Enhanced DTV evolves at ATSC

An industry effort to standardize the digital broadcasting of enhanced-television content is making slow but steady progress, according to the Advanced Television Systems Committee.

Work has been under way on the proposed DASE (DTV Application Software Environment) standard for more than two years. DASE would govern a layer of software in digital TV receivers that would allow broadcasters to transmit ancillary data and have it displayed in a consistent way. Applications could include offering statistics along with a football game or adding exit-poll data to live election coverage.

Such applications are already being offered by broadcast networks today in a "two-box" mode through a combination of Internet content shown on PCs and traditional television programming (see story, page 40). But DASE would enable such functionality on one digital TV screen as part of a "lean-back" interactive TV experience.

The standard is distinct from the ATSC data-broadcasting standard ratified in July. That standard, known as S13, defines protocols for how broadcasters insert data into their 19.4 Mb/s digital streams. The standard is agnostic as to content and applies equally to sending nonprogramming-related data to PCs, as proposed by Geocast and iBlast, as to broadcasting enhanced content to digital television sets.

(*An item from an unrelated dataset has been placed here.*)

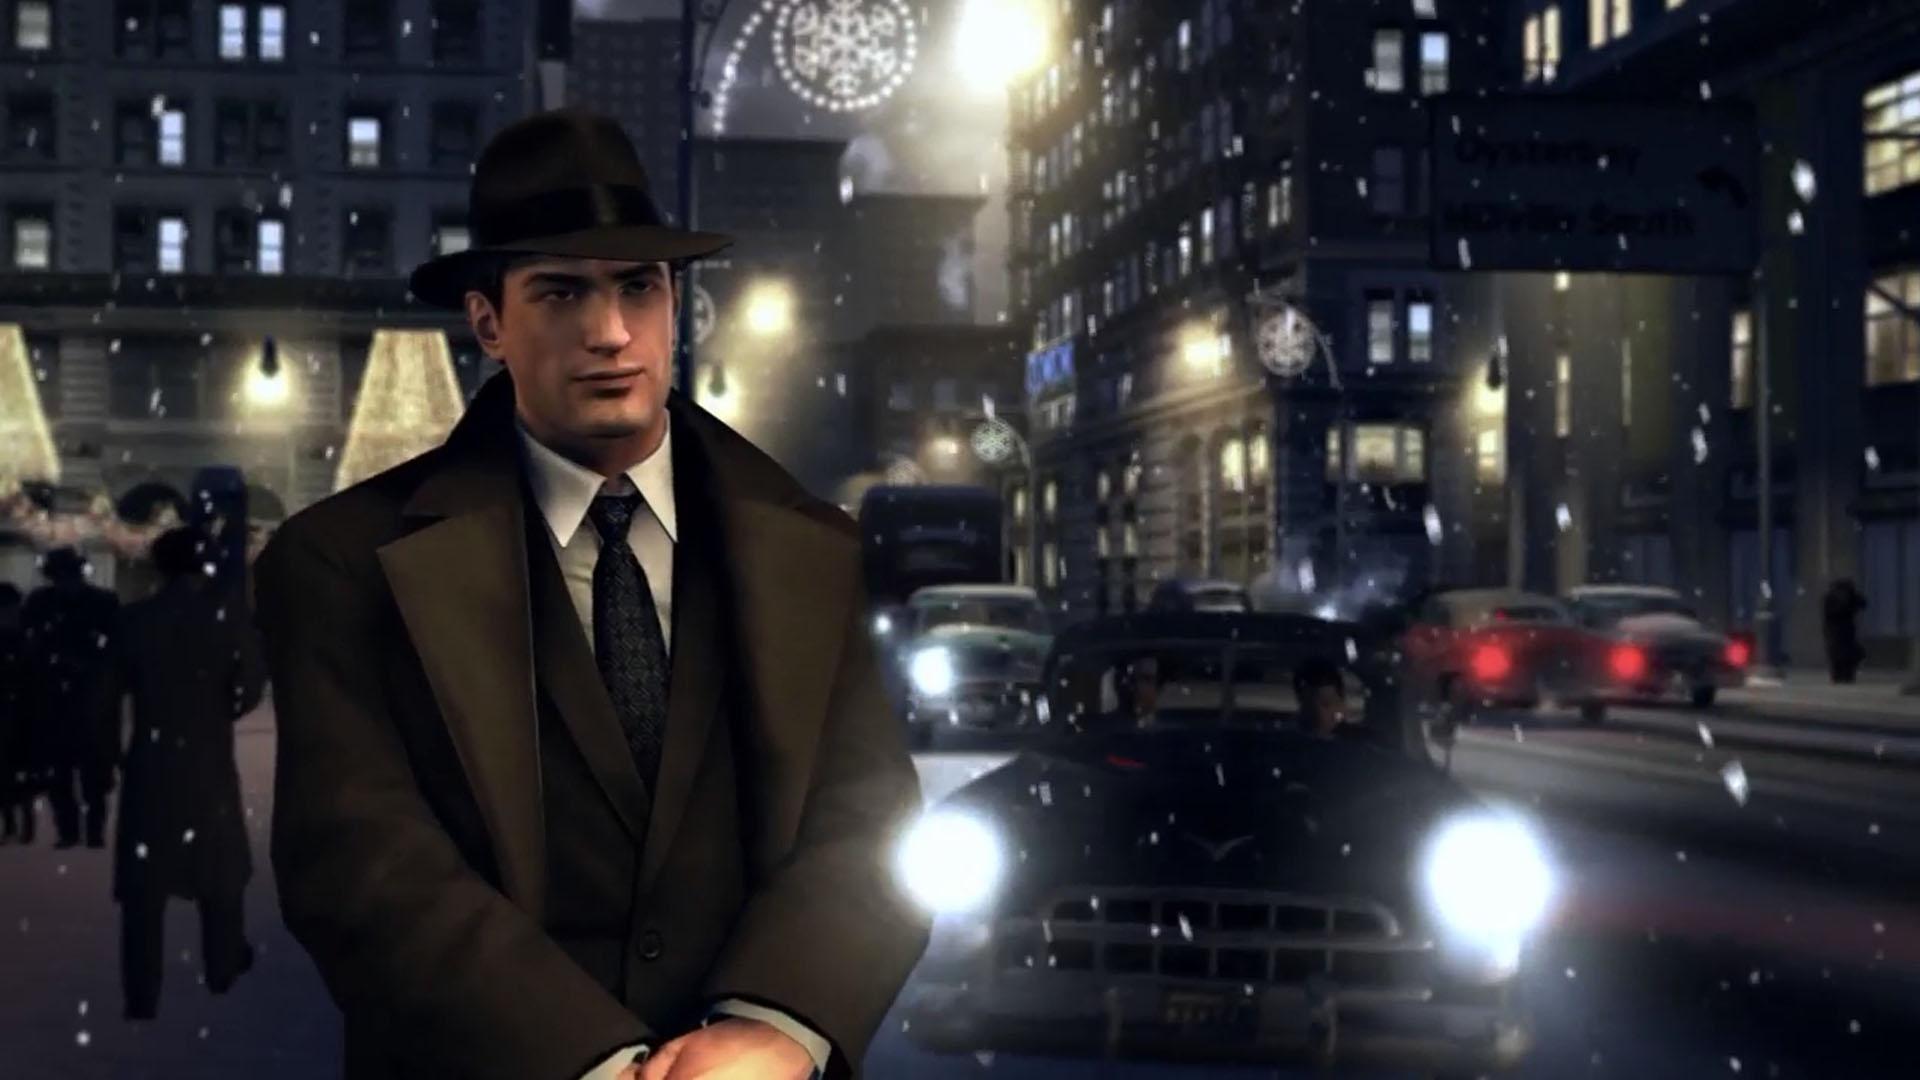 mafia-2-wallpaper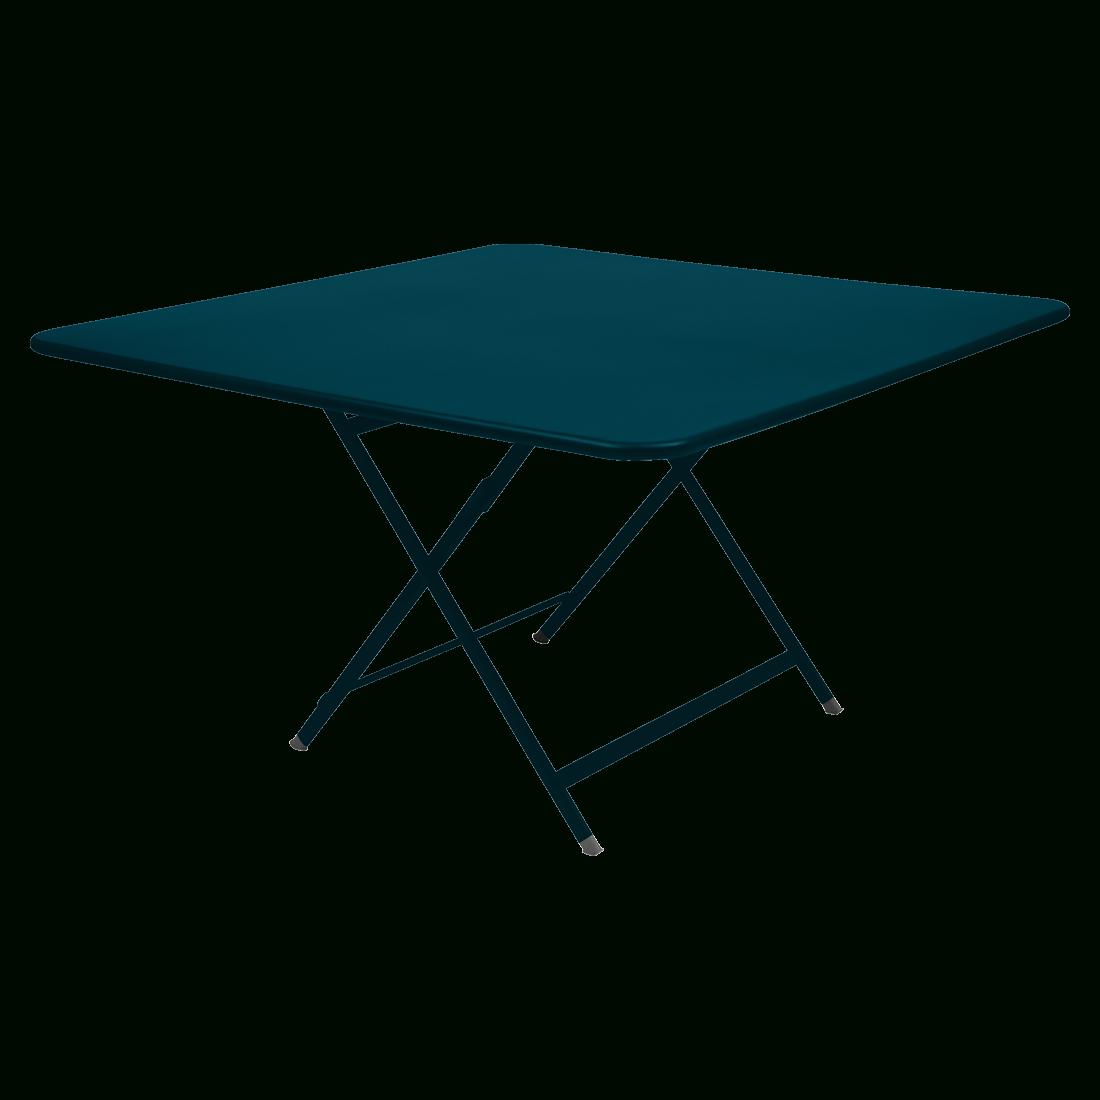 Caractère Square Table, Garden Table For 8, Outdoor Furniture pour Table De Jardin En Metal

"DASE determines the kind of content that you can transmit and the middleware in the receivers," explains ATSC Executive Director Mark Richer. "We want it to be defined just enough so the content can be received and processed properly. Manufacturers can still choose the hardware and the operating system they want."

The technology-specialists group that is developing DASE (known within the ATSC as T3/S17) has been holding frequent meetings and is "progressing along very well," says Richer. He expects that the standard, which currently comprises about six separate documents, will be balloted at the technical-group level by the end of the year. If it passes that step, DASE will be presented to the general ATSC membership in early 2001 for a six-week balloting process. The key parts of the standard could be formalized by NAB 2001, says Richer. Other sources say that time frame is overly optimistic and predict the standard won't near completion until summer 2001.

The latest DASE development adds support for applications based on the HTML programming language (and the related XHTML and XML languages) as well as for those using the more complex Java programming language. Such HTML-based applications, known within DASE as "declarative applications" compared with Java-based "procedural applications," should make it easier for broadcasters to create interactive content.

"The DASE technical committee wanted to use the technology created for the Internet by WC3 [the World Wide Web Consortium] as a means of creating interactive television content," says Dr. Glenn Adams, Gemstar-TV Guide International's systems architect for digital television and the primary author of the declarative-applications component in DASE. "Typical graphics designers are not Java coders, but they know how to create content with their tools and then output them to XHTML. If a creative enhancement is based on Java, then you need a staff of programmers. With Java-based programming, you can do a lot more with the box, but it has a higher cost. So we needed both types of content, Java and Web-like, and an environment to support that."

Whereas Java is good for complex applications like creating an electronic-program guide, putting a small logo bug on the screen or displaying player statistics is "real easy to do with HTML," says Mike Dolan, a consultant for DirecTV and an active DASE participant. "There's a class of problems where it's really obvious which one you would choose."

The inclusion of declarative applications in DASE should make it easier for PBS to repurpose its extensive Web content for DTV, says PBS Chief Technology Officer John Tollefson. "The basic dilemma we find ourselves in is attempting to support a standard that will allow the use of existing content authored in HTML, while still allowing future applications that are much richer."

But don't expect enhanced applications to reach DTV sets anytime soon. Even if DASE is ratified this spring, a DASE-enabled DTV set wouldn't hit store shelves until 2002 at the earliest, says Ed Milbourn, manager of advanced television planning for Thomson Consumer Electronics. "Before it's commercialized, we have to make sure it works as advertised."

In the meantime, Thomson will wait to see how the DASE standard evolves before it "puts a whole bunch of code" which may not be used into a digital TV set.

"Anticipating something like that can cost a lot of money," says Milbourn.